The Earth is eating Bosque. It’s what he’s supposed to go through. It’s what he watched his mother go through, his sisters and brothers and uncles. They all turned to wood. He accepted his destiny as a child and that was that. But then we met.
And now he just wants to be alive, too.
And now he just wishes he was what I am.
…
My father is a Boar. My uncles are all Boars. My Mother is the product of more Boars and they all make up the strongest of DNA. Lots of other girls come from families full of Boars and Primes. And yet so many Horn Girls get sick anyway. So many of those same Boars, creating stronger and stronger creatures, end up sick with Horn Rot or Transparent Horn or any other number of diseases. I come from the only family in this entire country that has a clean bloodline. We’re all well. The women are all Primes, the men are all Boars, and we are all destined to continue a clean line of Horns.

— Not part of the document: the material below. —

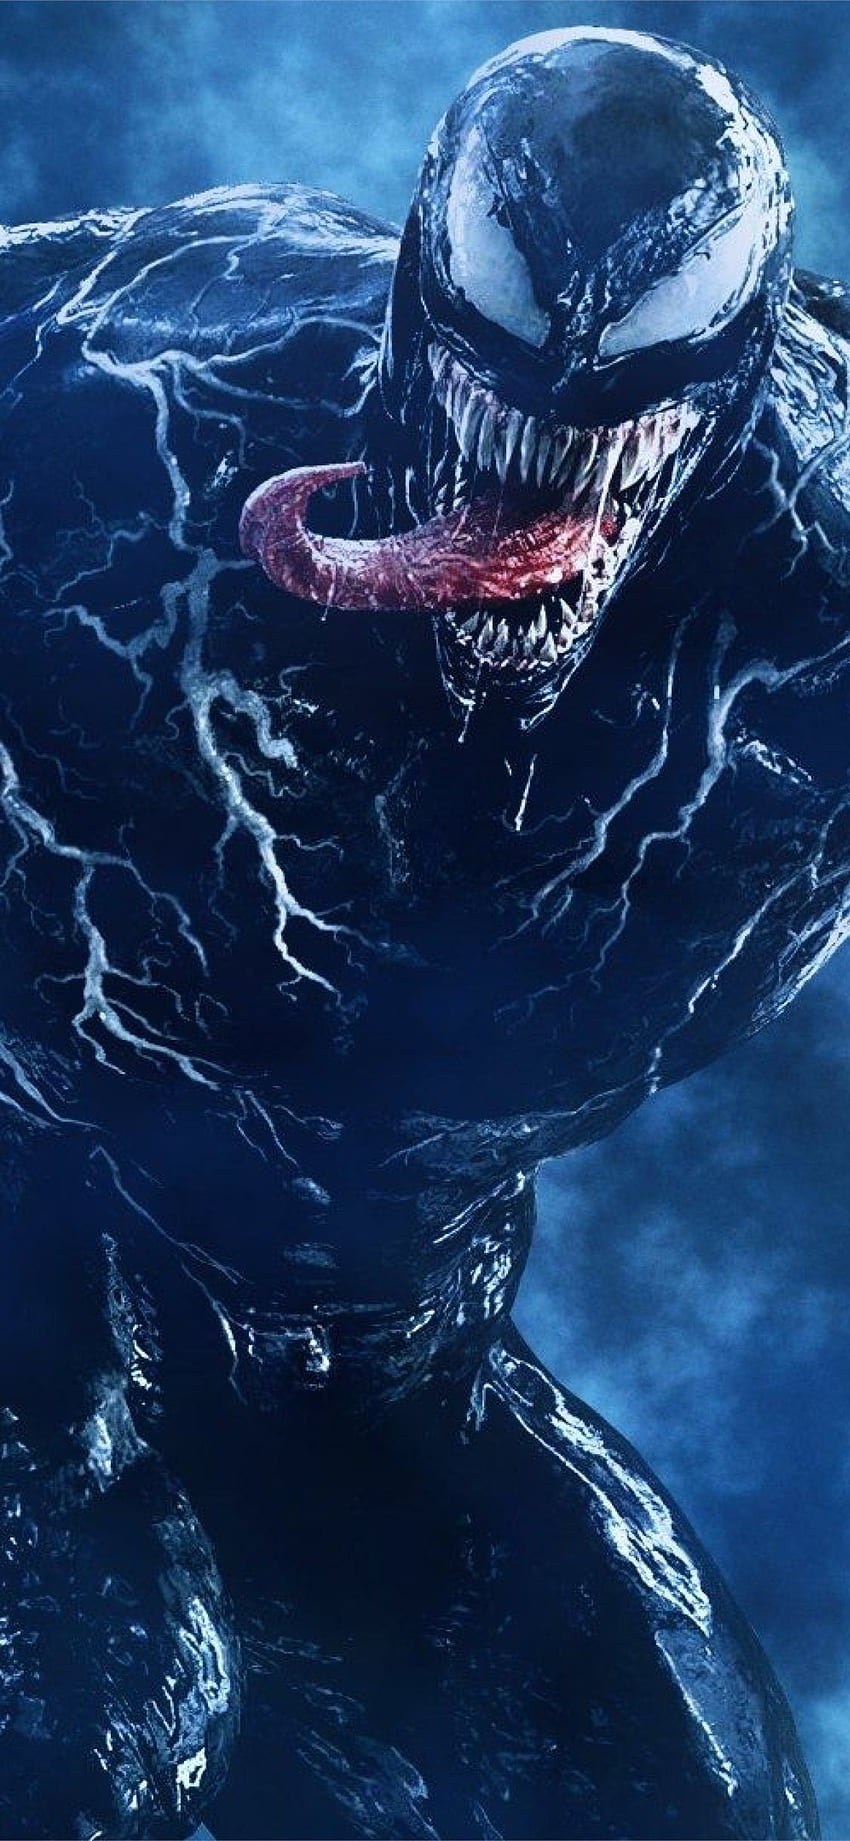 Venom | Marvel Venom Wallpaper Download | MobCup

It’s not likely that Bosque would outlive me. It’s not even likely that he’ll live with me long enough for me to understand him. But we met. And so we’ll try.
I guess we’ll try.
… … …
It’s a love-hate thing. It’s a thing where some days, I wake up covered in the dirt of him. And I feel it staining my flesh, sinking into me, and I’m disgusted. I want to clean myself with acid. It’s a thing where I wake up sometimes, Bosque’s hand clenched so deep in me that I passed out, that my eyes rolled up and my tongue hung out and I just stopped breathing. He’s so full of rage that he fingers me until my teeth feel like they’re going to break from clenching, that he pushes inside me like I’m made of metal and not flesh. Sometimes I wake up like that and I push my tongue into his mouth and taste all that wood and dirt and I can’t stop cumming. I can’t get enough of him.
Sometimes, he calls me when he’s in the middle of one of his fits, when the vines are moving too close to his lungs and he’s panicking. And he sobs to me. And I want to throw up from how pathetic he is.
My family is so against the idea of him, the existence of him, that I have to pretend he’s dead already. So my father doesn’t find him and murder him. So my mother doesn’t set him and all that wood on fire.
He is sick. I am not.
… … …
Bosque lives alone surrounded by concrete. He grows his lung flowers and teeth vines and sucks in smaller and smaller breaths on the outskirts of our society. They don’t like him here. They like him less than the Rots. They like him less than the clear horns. They like him less.
But I will always love him. Through disgust. Through lust. Through my stone face, I will love him until he is devoured by the Earth and I’m visiting a tree and not a man. And maybe, if I’m as wonderful as he thinks I am, maybe I’ll spare him that indignity. Spare myself that pain.
He is hopeless. I am not.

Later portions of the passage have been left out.